There's only one thing you can do if you've coached, prodded and talked until you're blue in the face.
You have to throw the fastball at his head. Performance management 101. "Tim, we've been talking a lot about the extra things I need from you and how I need you to think differently. It's review time, and this one is going to feel different. Because of those conversations we've had and the fact that I'm not seeing a lot of change, I've giving you a rating that says you're not meeting the expectations in the role. We're gong to spend time today talking about what you can do to turn this around. I'm here to coach you, but I can't guide you every step of the way. Rather than waiting another year to really talk about this in a formal sense, we're going to come back in 60 days and really evaluate a) if you've tried to make a change, and b) if the changes you tried to make are of high enough quality and consistent enough to change my view of how you're performing."

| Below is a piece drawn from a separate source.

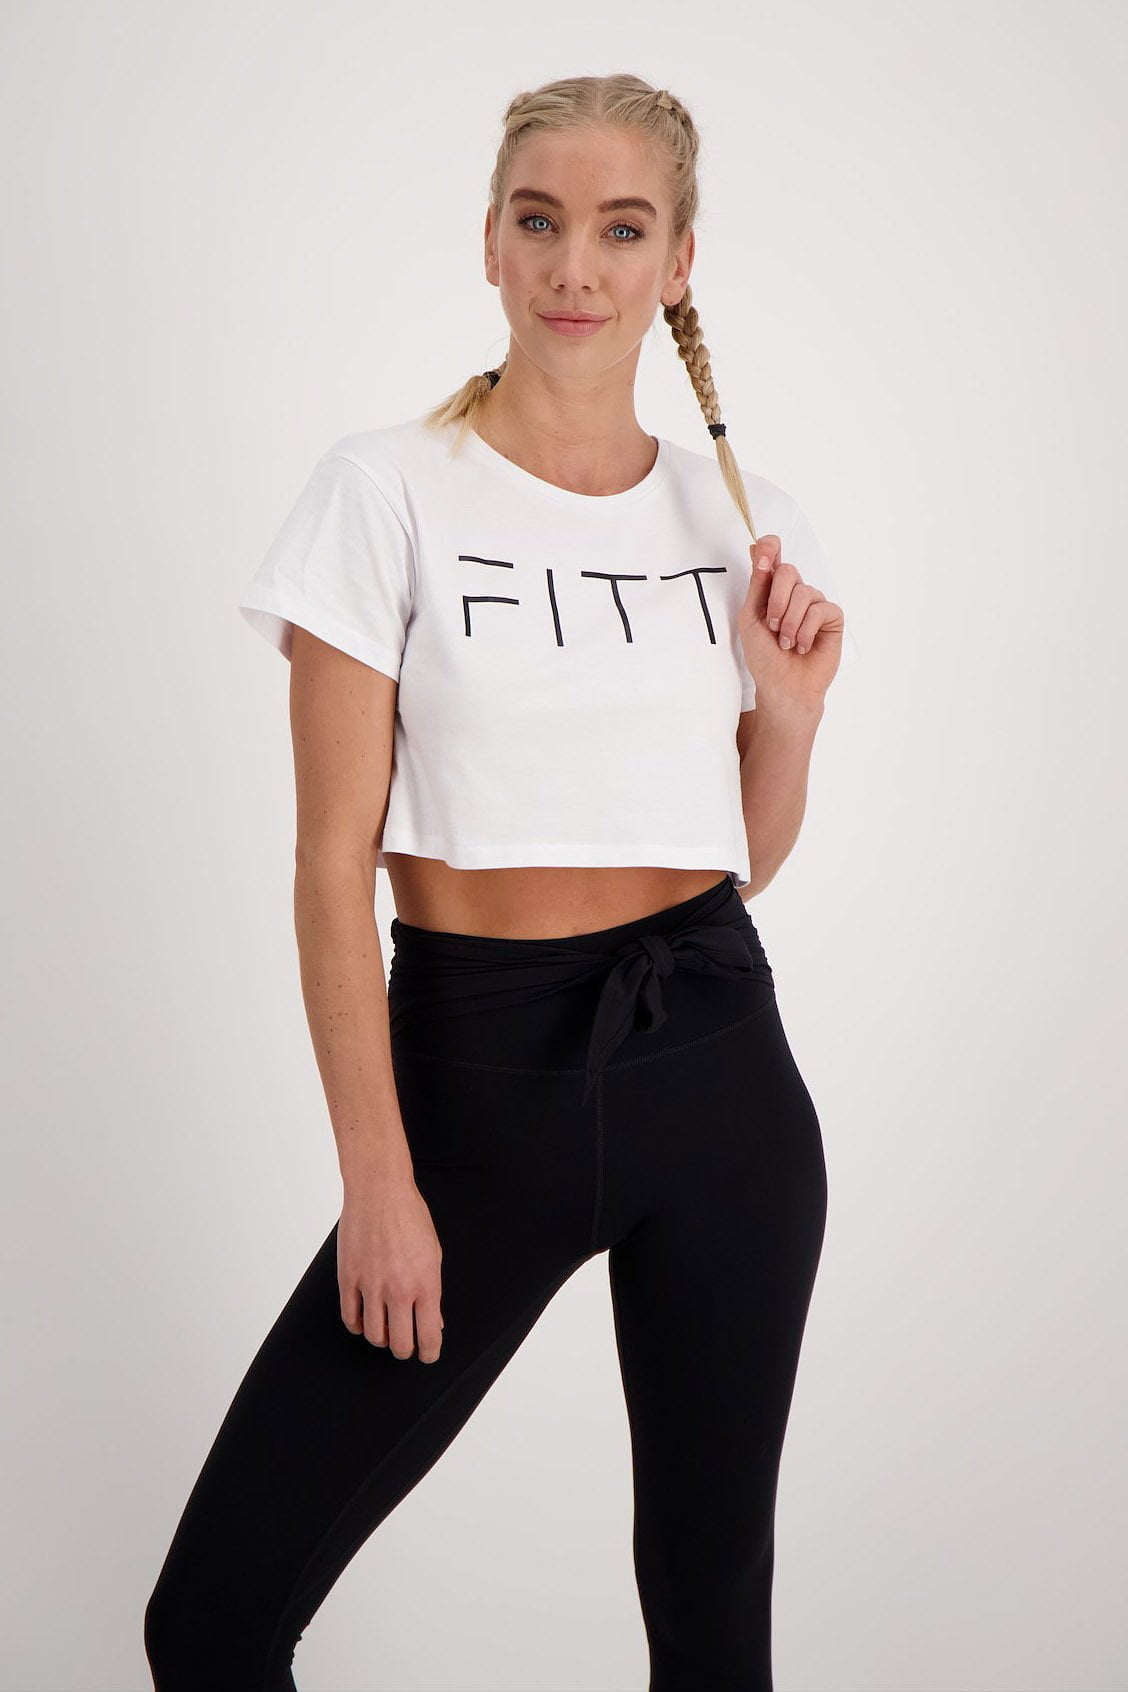 Athleisure Crop T-shirt White - Women's Sports Tops - FITTwear.co.uk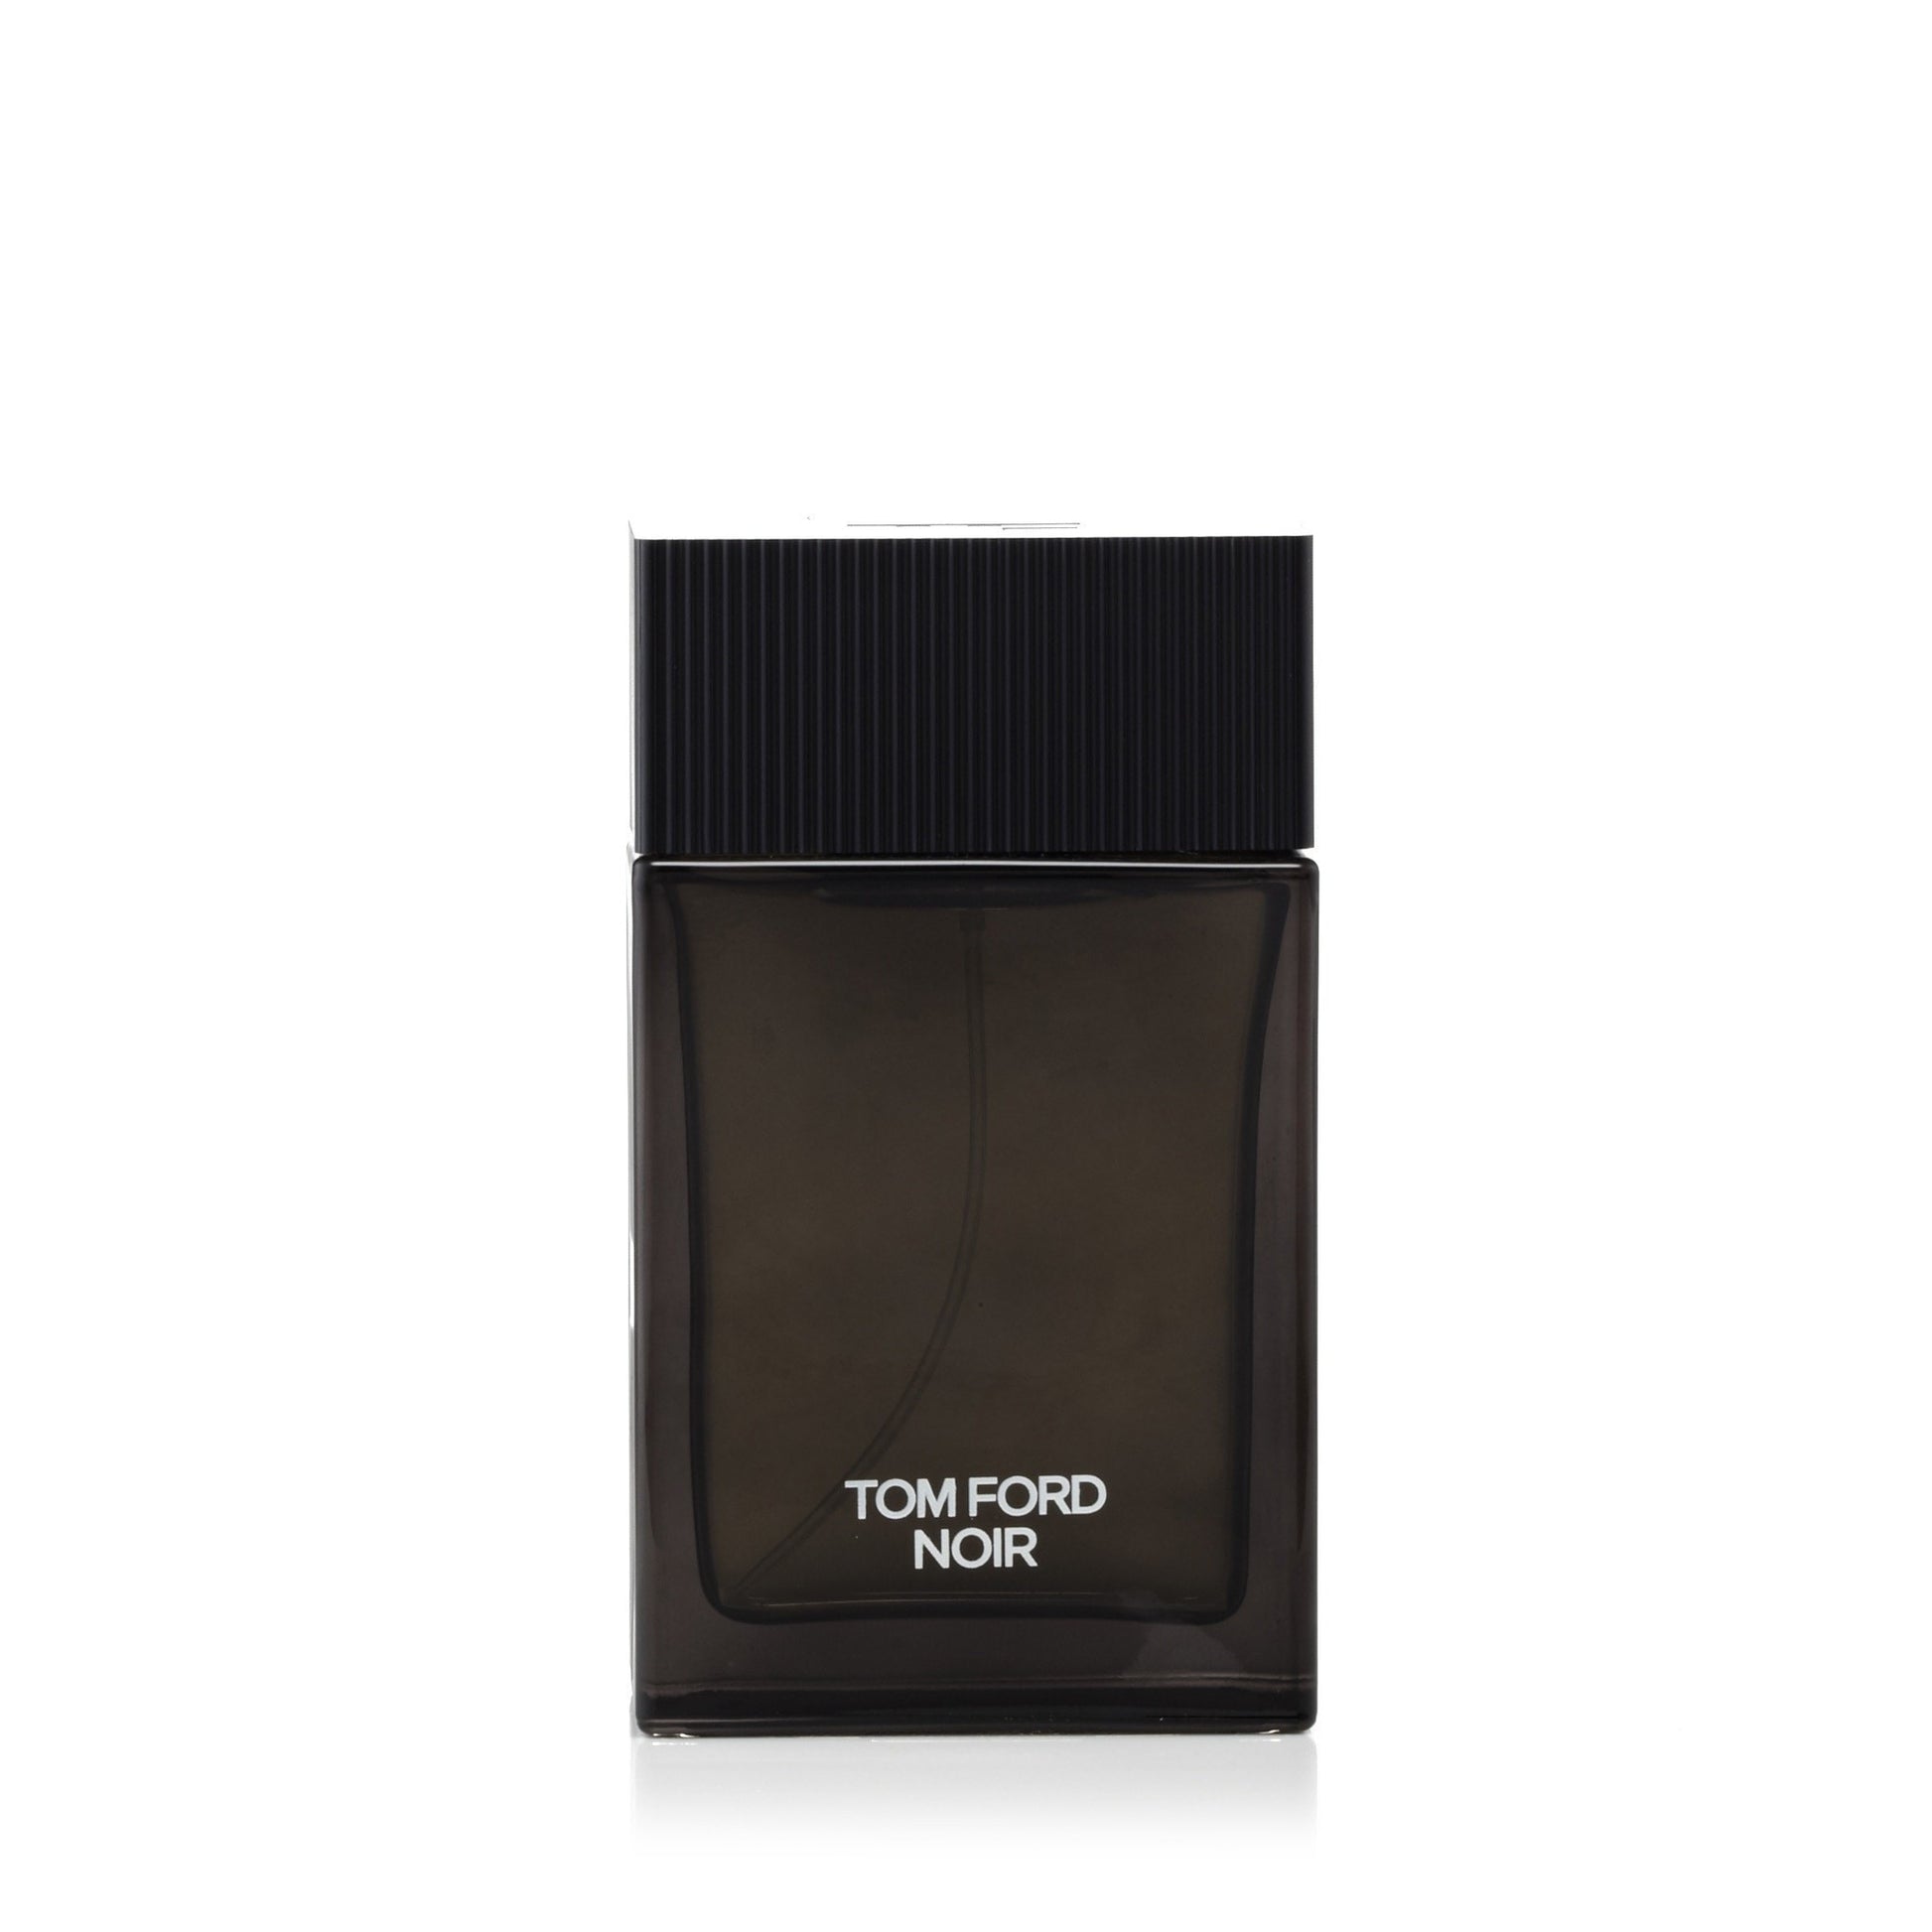 Tom Ford Noir Eau de Parfum Mens Spray 3.4 oz. Click to open in modal

"I want you to make it. But time's running out to make the changes we need."
The bottom line is this: You've got a long term employee whose performance doesn't fit what the company is and needs today. They were fine for the role yesterday, but today it doesn't work. There's too much going on, and simply knocking out tasks doesn't meet the need anymore. You need them to knock out the tasks and ask "what's next?" and answer their own question, then take action.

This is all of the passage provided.